### PROVIDED INFORMATION:
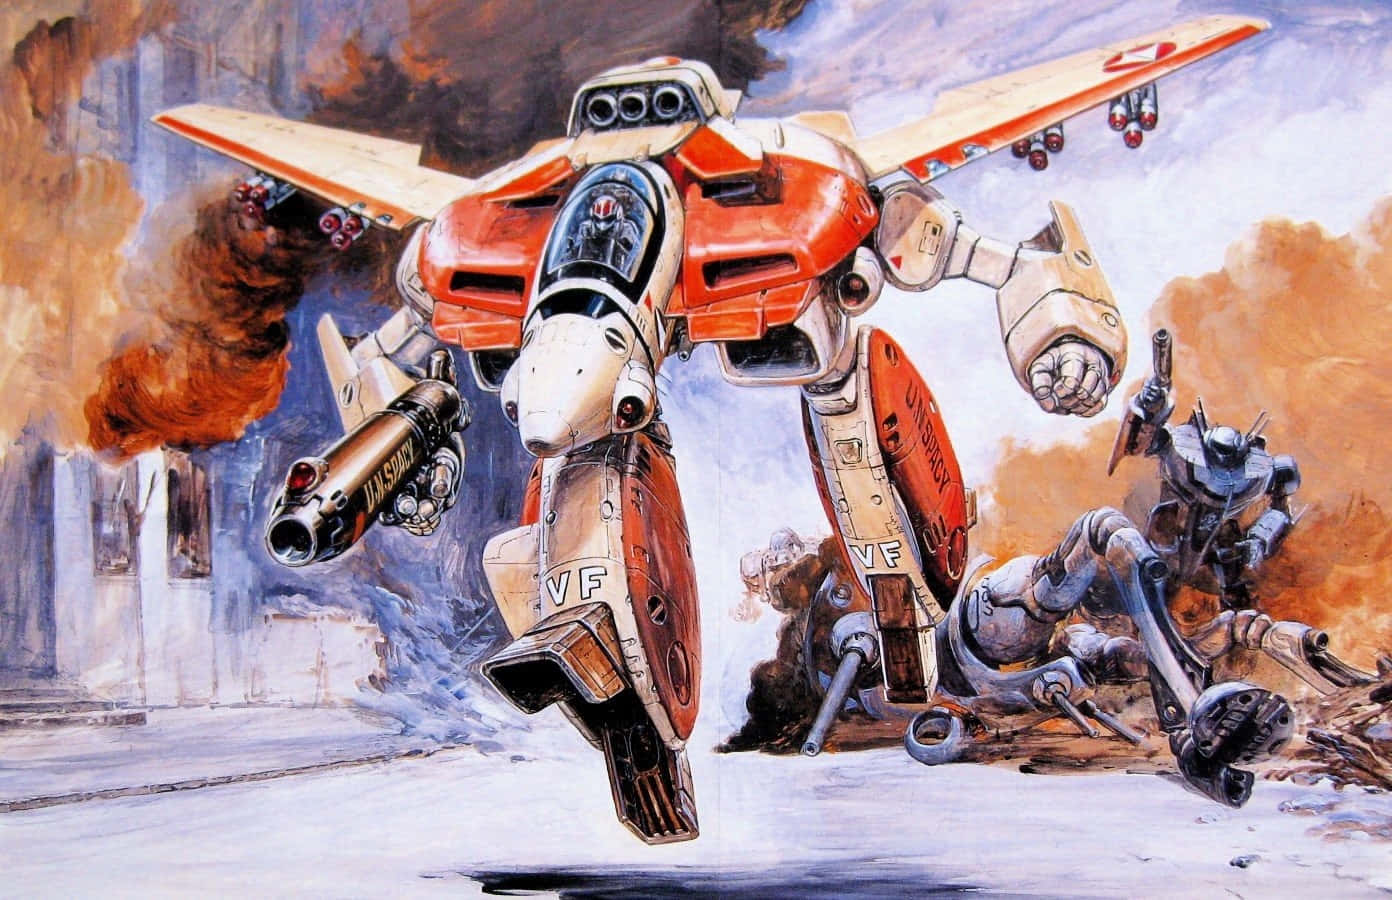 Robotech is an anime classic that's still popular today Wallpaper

---

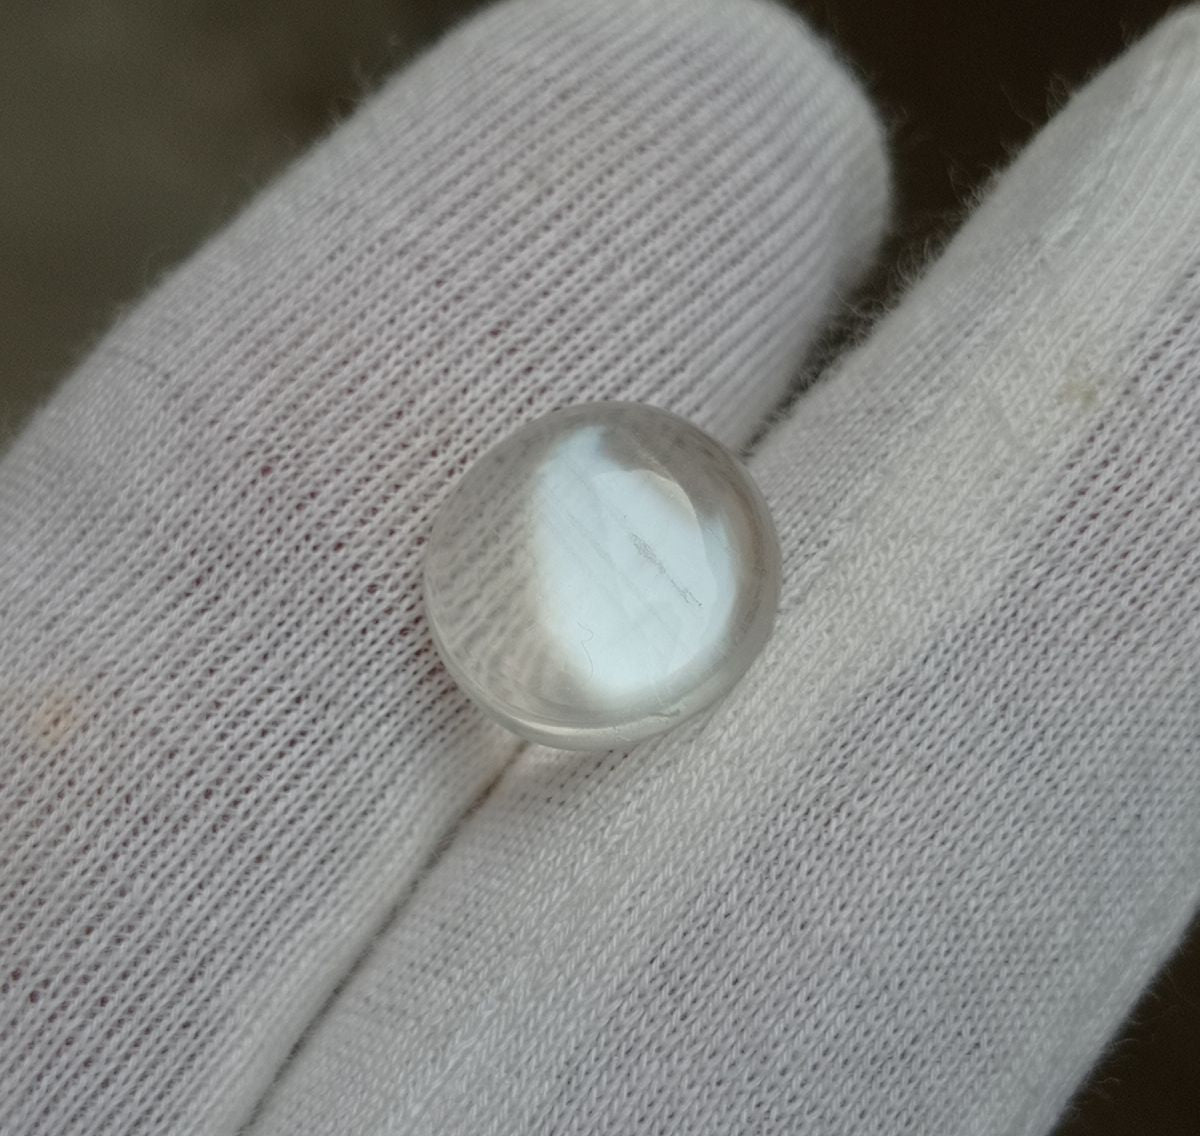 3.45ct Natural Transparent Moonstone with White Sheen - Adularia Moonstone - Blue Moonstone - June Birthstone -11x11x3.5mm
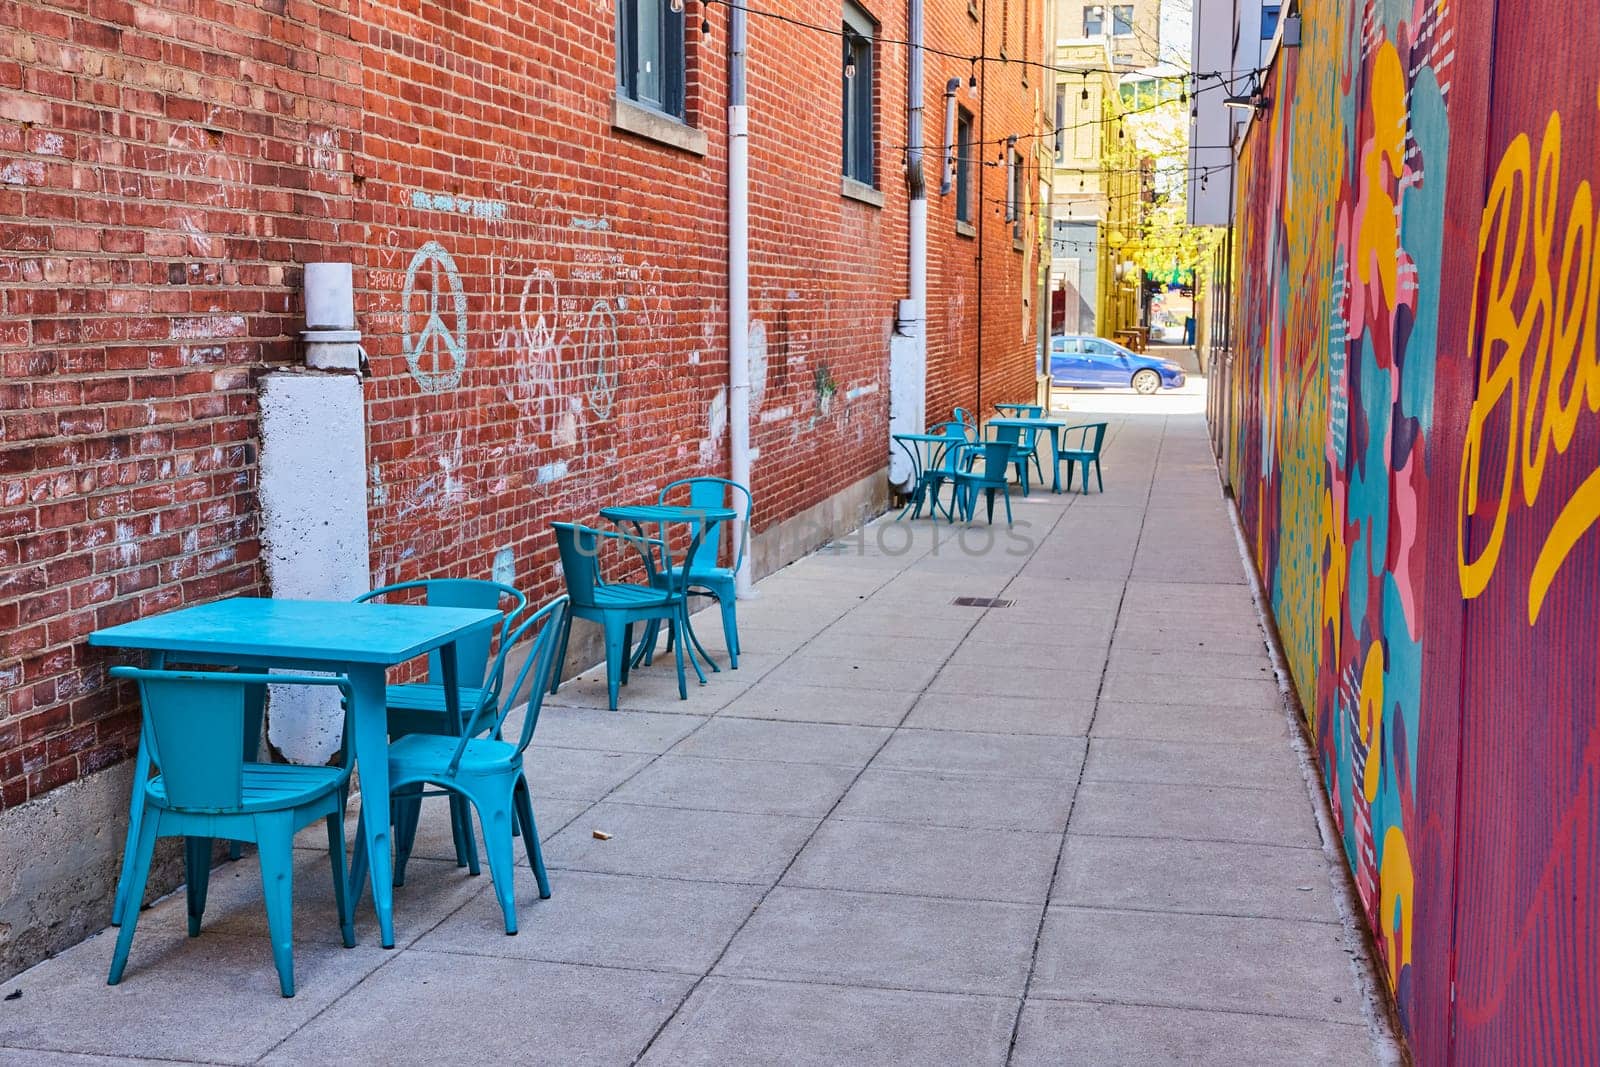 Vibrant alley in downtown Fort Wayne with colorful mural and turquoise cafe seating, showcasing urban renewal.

### PROMPT:
Could you output exactly the lines above, from the line with "3.45ct Natural Transparent" up to and including the line with "Vibrant alley in", and nothing else, skipping the pictures?

### PROBLEM SOLUTION:
 3.45ct Natural Transparent Moonstone with White Sheen - Adularia Moonstone - Blue Moonstone - June Birthstone -11x11x3.5mm
 Vibrant alley in downtown Fort Wayne with colorful mural and turquoise cafe seating, showcasing urban renewal.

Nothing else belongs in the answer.